Para Dallari, Cármen Lúcia erra ao não discutir prisão na 2ª instância

O entrave sobre o debate em plenário do Supremo Tribunal Federal sobre a prisão após a condenação em segunda instância está movimentando os bastidores da Corte. Especulações dão conta de que o ministro Marco Aurélio Mello, relator de duas ações declaratórias de constitucionalidade (ADCs) que aguardam julgamento, deve levar a discussão em mesa para o plenário, o que significa que não haveria necessidade de incluir o tema na pauta preparada pela presidente do STF, Cármen Lúcia.

Por Dayane Santos

Dalmo Dallari

A ministra tem dado declarações de que, apesar das ações, não iria colocar o tema em debate por considerar que tal medida seria uma forma de atender pressões externas. apesar de não citar nominalmente, a minsitra refere-se aos pedidos de habeas corpus do ex-presidente Luiz Inácio Lula da Silva, que tenta barrar a prisão em segunda instância proferida pelo Tribunal Regional Federal da 4ª Região.

A justificativa da ministra também pode ser considerada inversa, já que não colocar a pauta também representa atender pressões. A pergunta é: qual é o dever do Supremo?

Para o professor de Teoria do Estado e Direito Constitucional da Faculdade de Direito da USP, Dalmo Dallari, a ministra Cármen comete um erro ao não deliberar sobre o tema.

“Fiquei surpreendido com a atitude da ministra Cármen Lúcia, que é uma figura que respeito muito. Acredito que neste caso algum fator esteja pesando para ela não colocar o tema em debate no plenário”, avalia o professor em entrevista ao Portal Vermelho. Dallaria é autor de diversas obras de direito e considerado um dos mais importantes juristas brasileiros.

“Acho que a solução normal é exatamente levar ao plenário”, reforçou. Ao comentar a sua posição sobre a prisão em segunda instância, Dallari cita outro professor constitucionalista, José Afonso da Silva.

“José Afonso diz expressamente que quando cabe recurso, inclusive recurso extraordinário, a decisão não transitou em julgado.
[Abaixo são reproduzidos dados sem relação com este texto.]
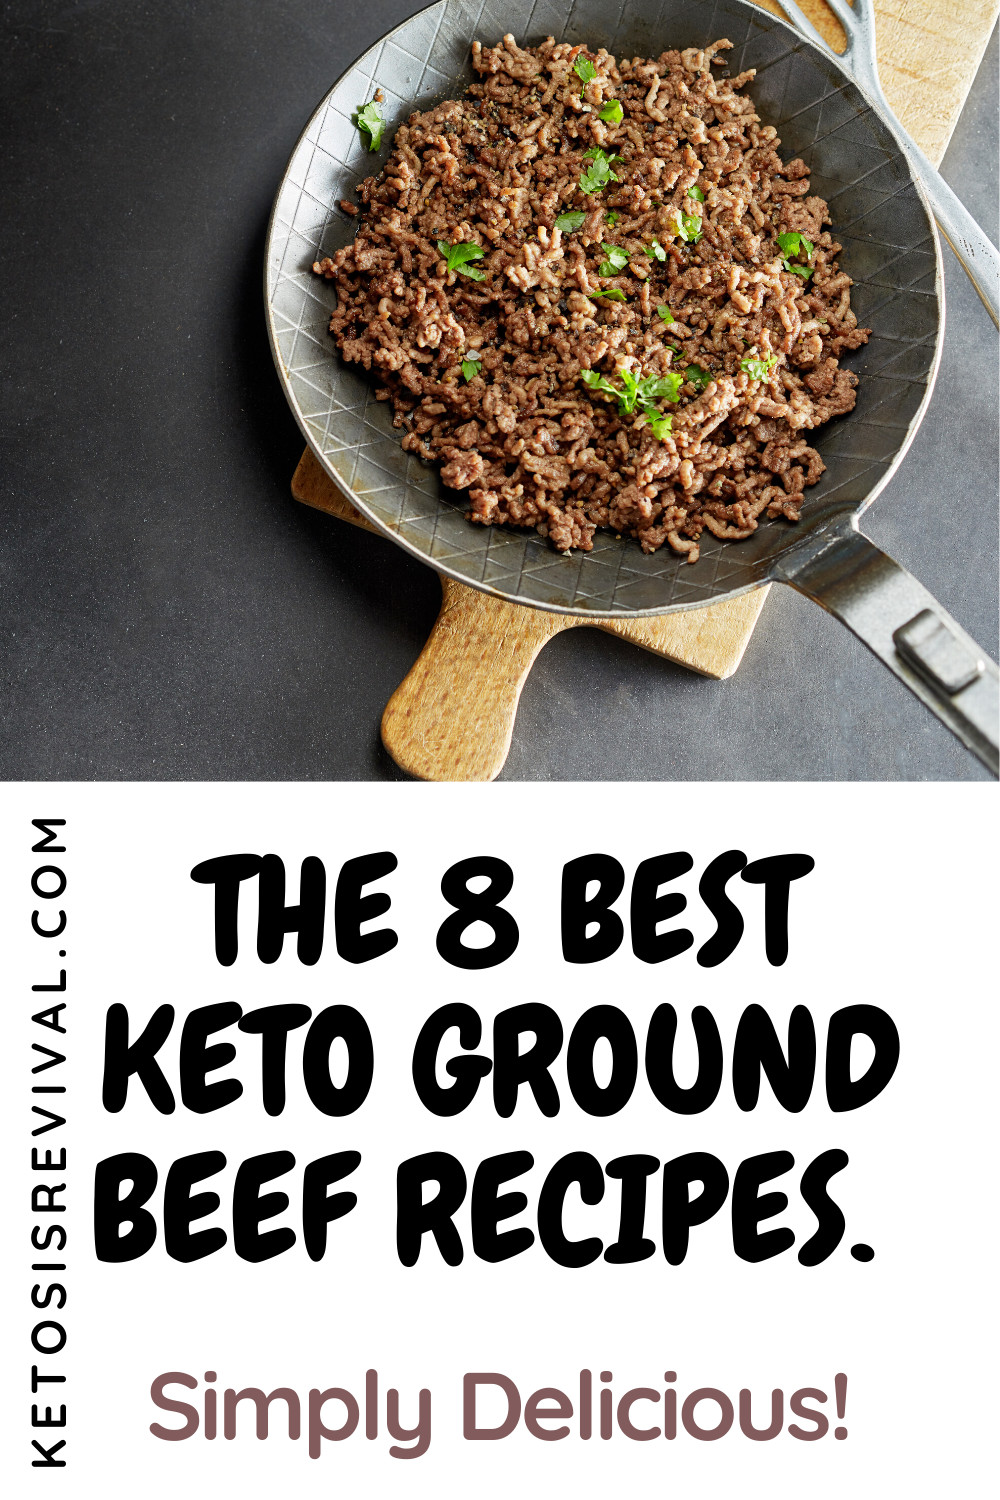 Ground Beef Appetizer Recipes
 The 8 Best Keto Ground Beef Recipes in 2020

Portanto, não é hora de executar se a decisão ainda pode ser modificada, ou seja, não é definitiva”, endossou ele, citando o parágrafo 5º da Constituição Federal, inciso LVII, que estabelece o princípio da presunção da inocência: “Ninguém será julgado culpado até o trânsito em julgado de sentença penal condenatória”. Trata-se do princípio da presunção da inocência.

De acordo com o regimento interno do Supremo, qualquer ministro pode levar ao plenário, durante sessão de votações, um tema que não está na pauta chamado de “julgamento em mesa”. Apenas os ministros-relatores podem fazer isso e o assunto só será apreciado se os demais integrantes da corte aceitarem a inclusão do novo item na agenda do dia.

Com a apresentação de embargos de declaração contra a decisão liminar nas ADCs contra a liminar que permitiu a prisão em segunda instância, em 2016, impetrados pelo Instituto Ibero Americano de Direito Público (IADB), que figura como amicus curiae (parte interessada) nas duas ações, o ministro poderá utilizar o recurso do “julgamento em mesa”

O tema tem sido alvo de um debate acalorado. No momento em que a proliferação do discurso da “impunidade” como causa de todos os males, muitos se posicionam sobre o tema apenas do ponto de vista da opinião, como se a questão fosse apenas ser favorável ou não, sem considerar o que diz a legislação brasileira. é com base nesse posicionamento que a Ordem dos Advogados do Brasil, uma das autoras da ação, pede que o Supremo discuta o tema.

A nova interpretação do artigo 5º da Constituição foi dada em 2016. Antes, os julgados entendiam que prevalecia o princípio da presunção da inocência nas condenações em segunda instância, visto que o processo não havia transitado em julgado. Após 2016, com o acirramento da crise e a campanha de criminalização da política, o tema que antes era pacificado, se transformou em uma verdadeira confusão, gerando a insegurança jurídica sobre o assunto.

Até mesmo o ministro da Justiça, Torquato Jardim, que é a favor da prisão em segunda instância, diz que há "perplexidade intelectual" dos brasileiros diante do comportamento da Corte sobre o tema.

"Para o advogado e para a sociedade civil, a dúvida que fica é essa: dois ou três ministros já concederam mais de 70 liminares em habeas corpus contra a decisão de 6 a 5 [do STF]. Então há, sim, eu diria uma perplexidade intelectual, uma dúvida política natural da sociedade brasileira, para saber se esse 6 a 5 continua ou se vira 8 a 3, 7 a 4 ou 6 a 5 no sentido inverso”, disse Torquato, se referindo à votação dos ministros do STF sobre o tema. "As 70 liminares geram dúvida", completou.